*** Begin section ***

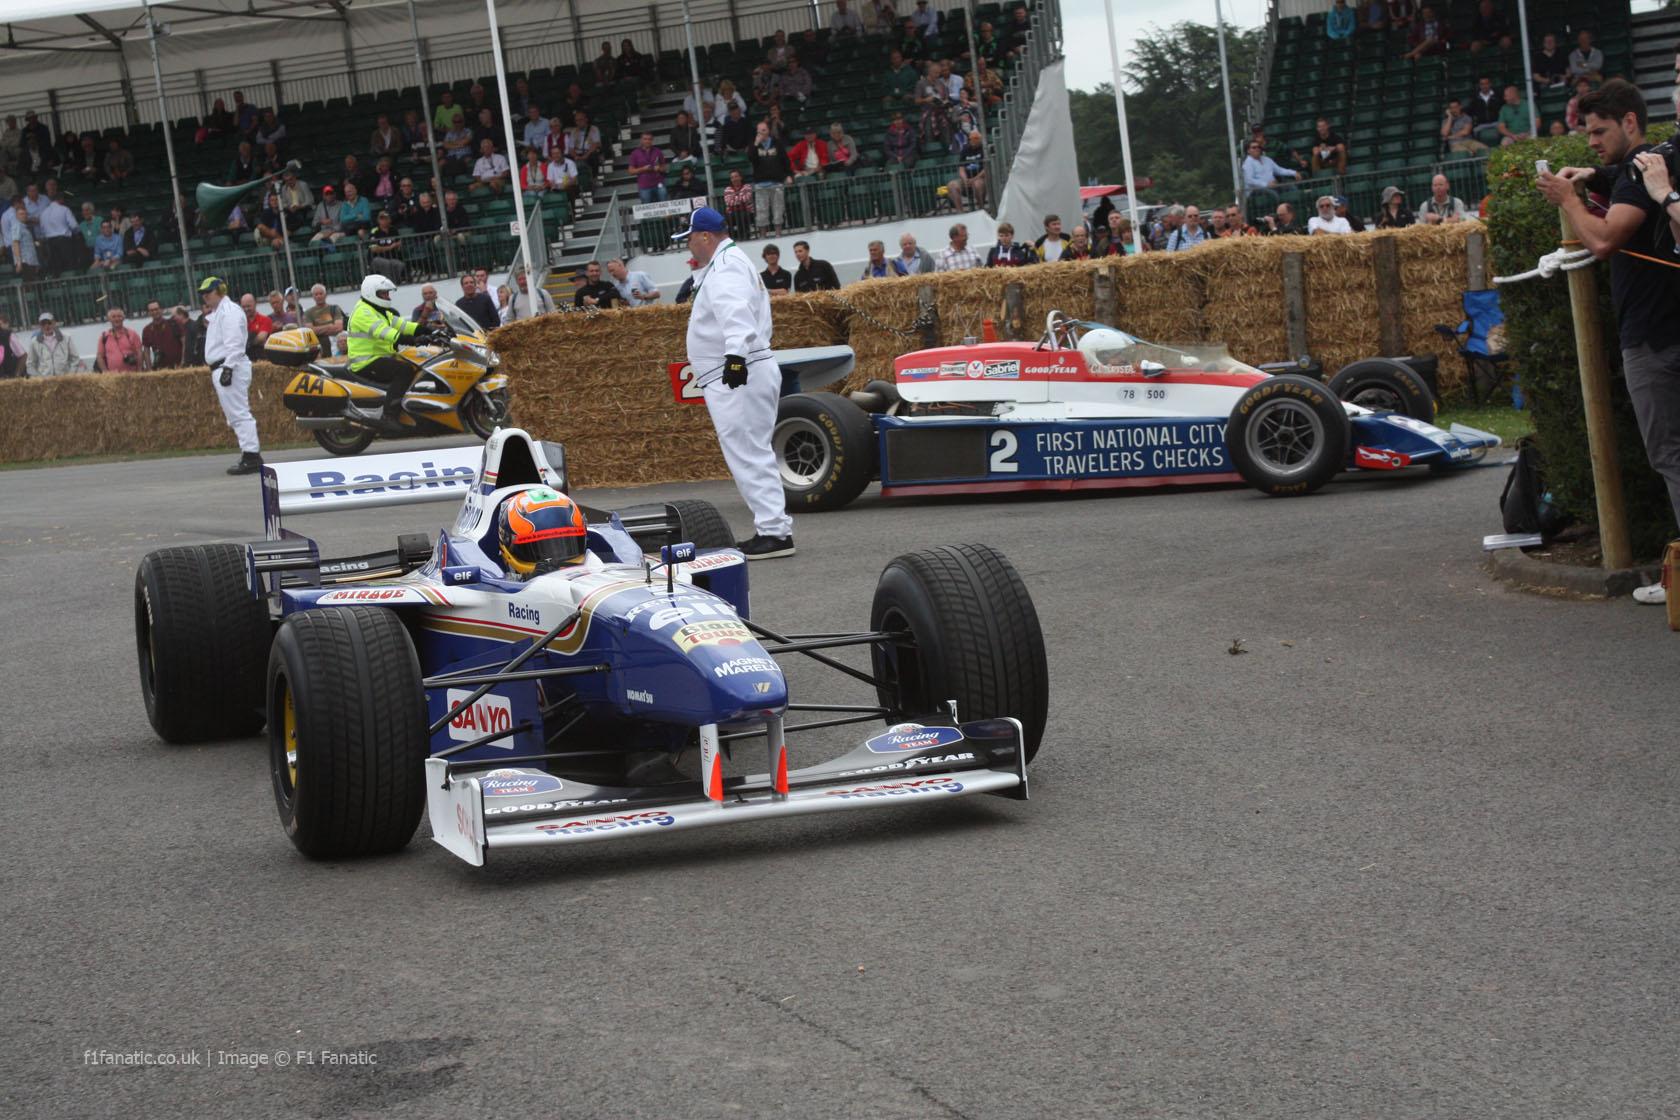 Williams FW18 (4), Goodwood Festival of Speed, 2014
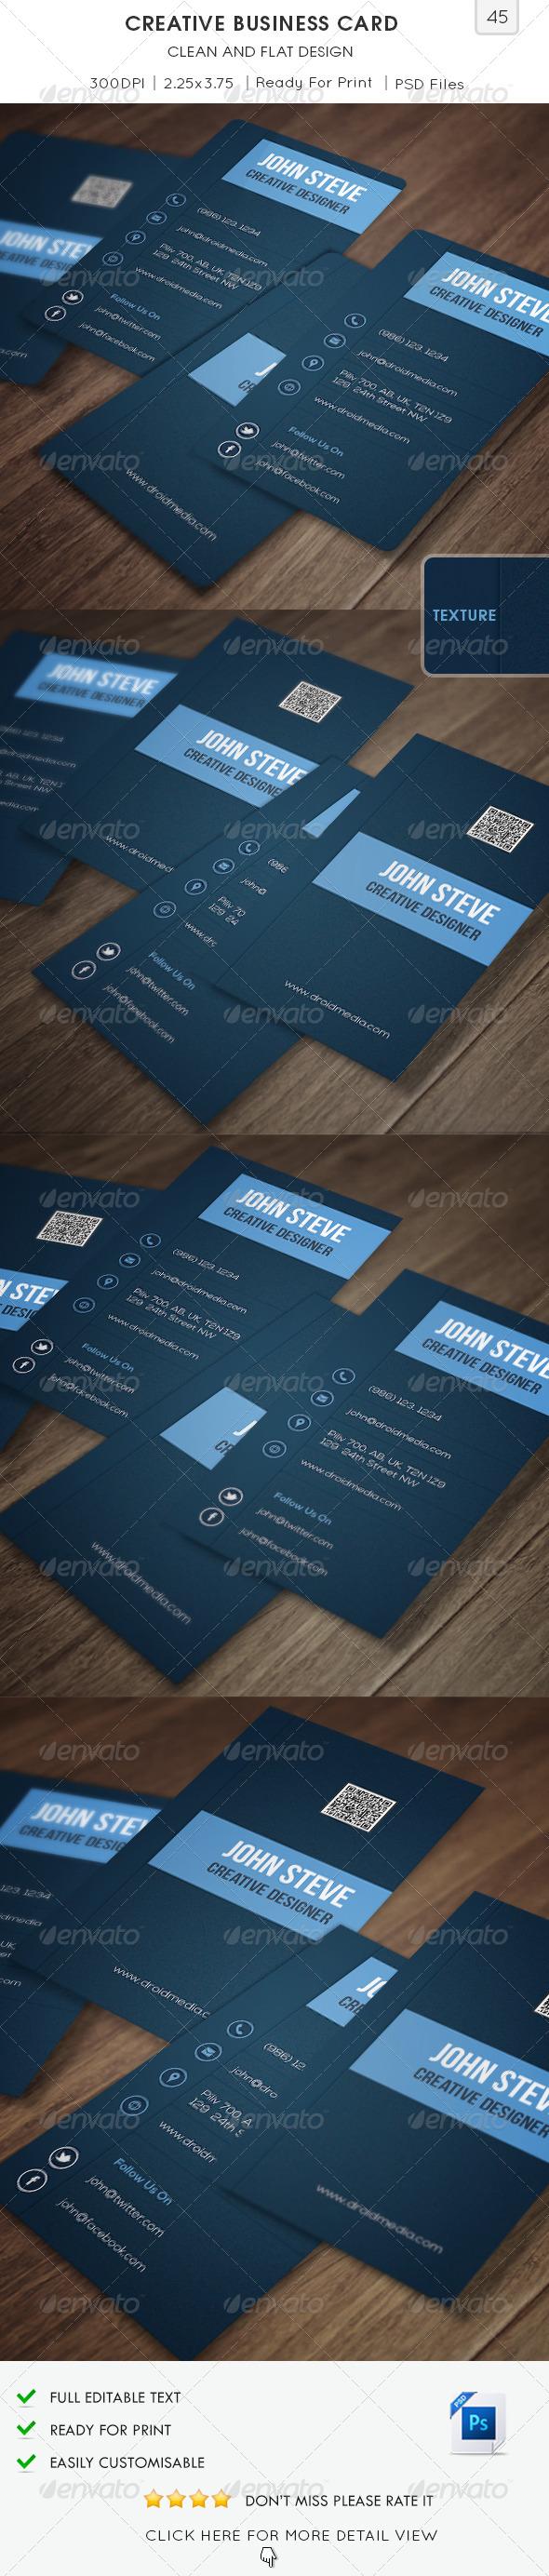 Creative Business Card v45 - Creative Business Cards
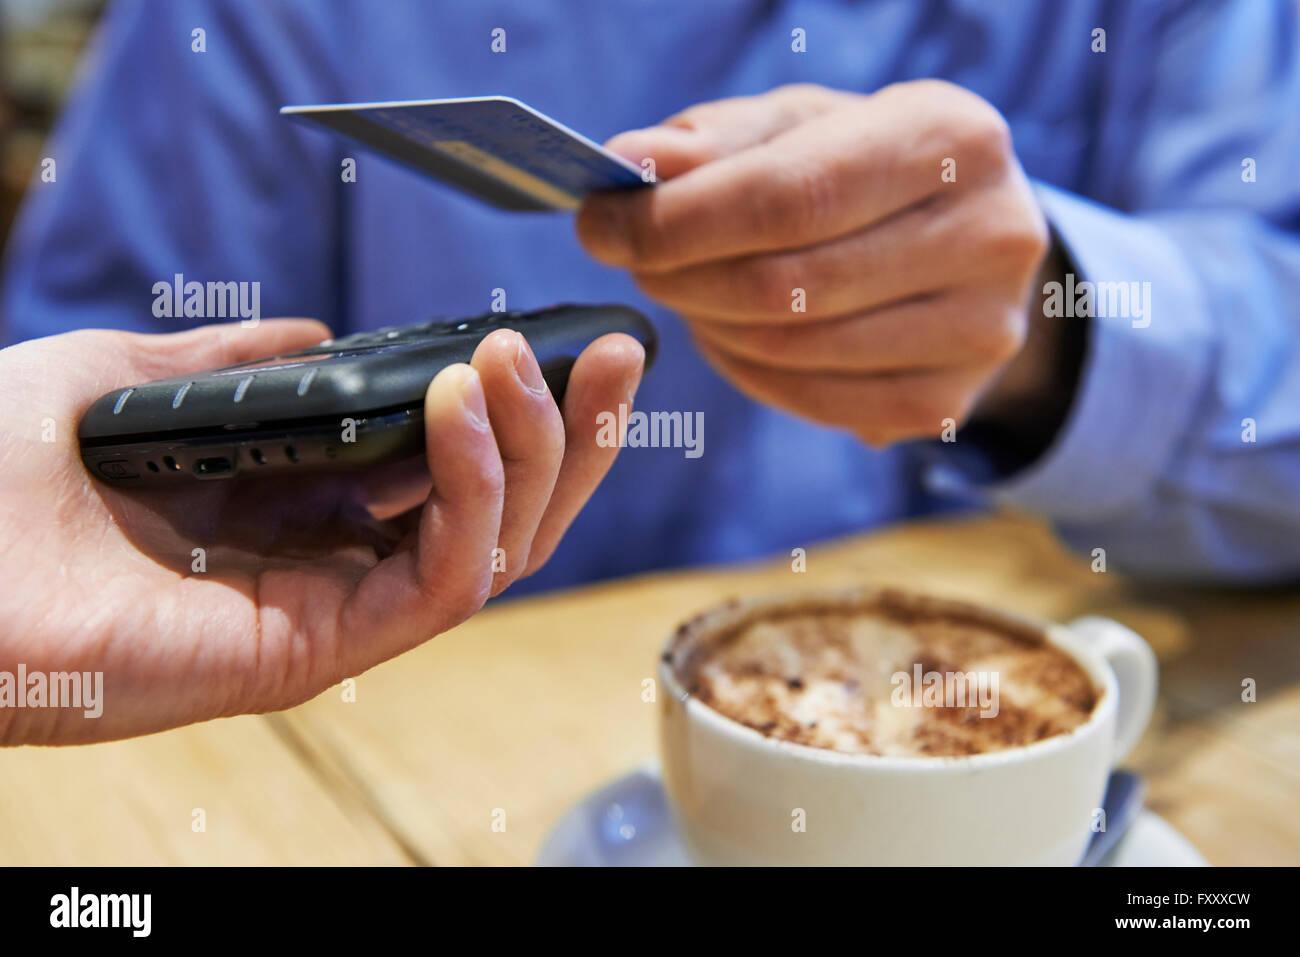 Kunden mit kontaktloses Bezahlen In Coffee-Shop Stockbild
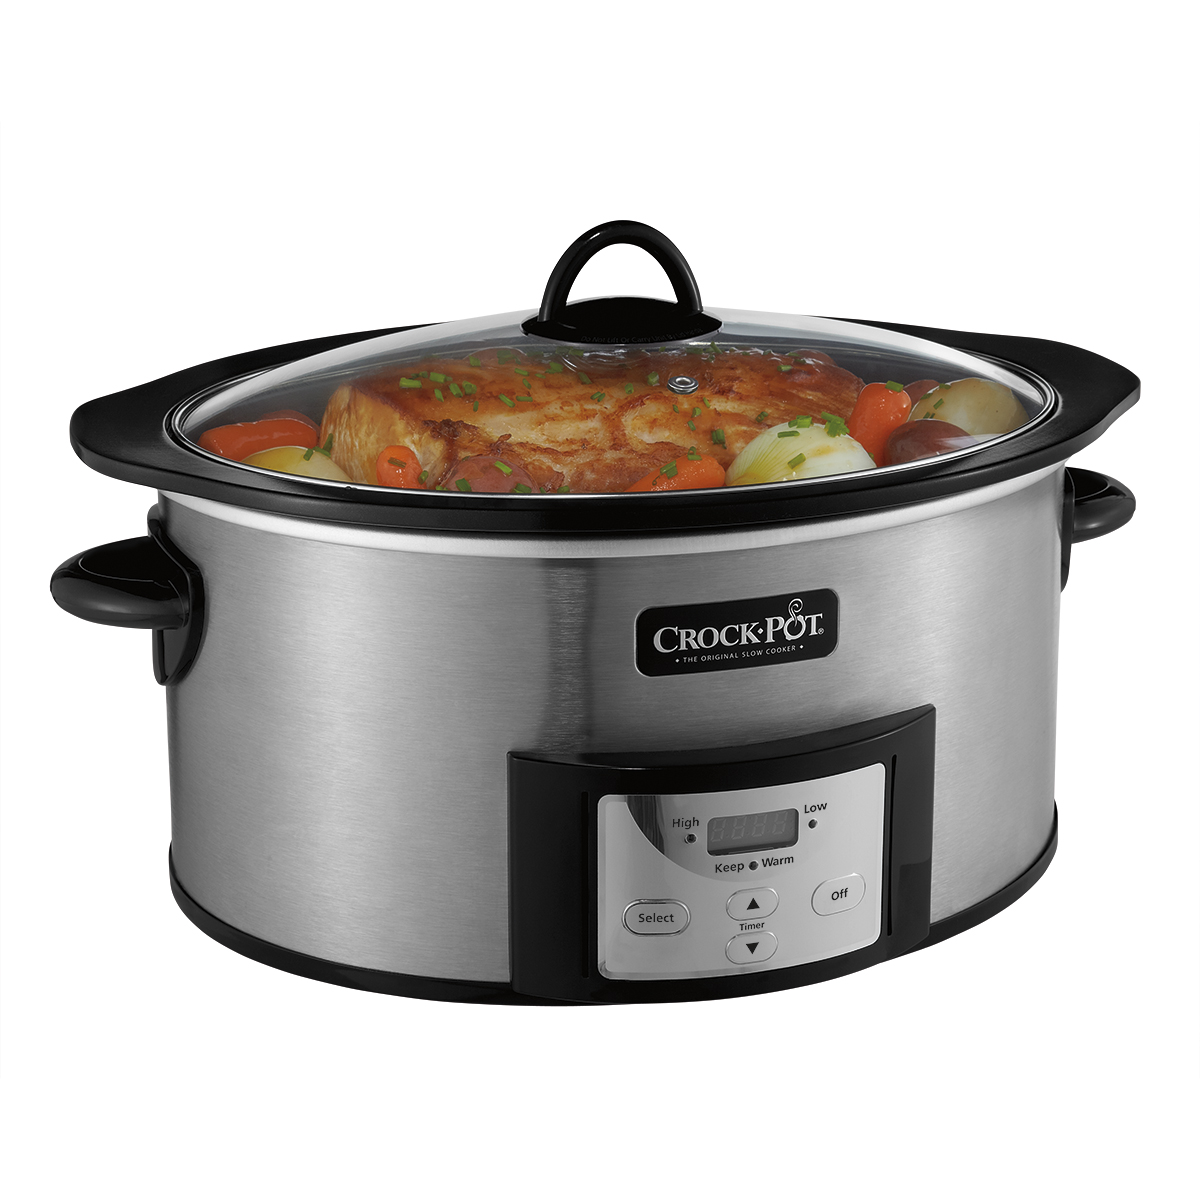 Crock-Pot 6 Quart Programmable Slow Cooker with Stovetop-Safe Cooking Pot, 1 Each

*** End section ***

Task> Images stay out, but the rest of the data above must be repeated exactly.

Task answer>
 Williams FW18 (4), Goodwood Festival of Speed, 2014
 Creative Business Card v45 - Creative Business Cards
 Kunden mit kontaktloses Bezahlen In Coffee-Shop Stockbild
 Crock-Pot 6 Quart Programmable Slow Cooker with Stovetop-Safe Cooking Pot, 1 Each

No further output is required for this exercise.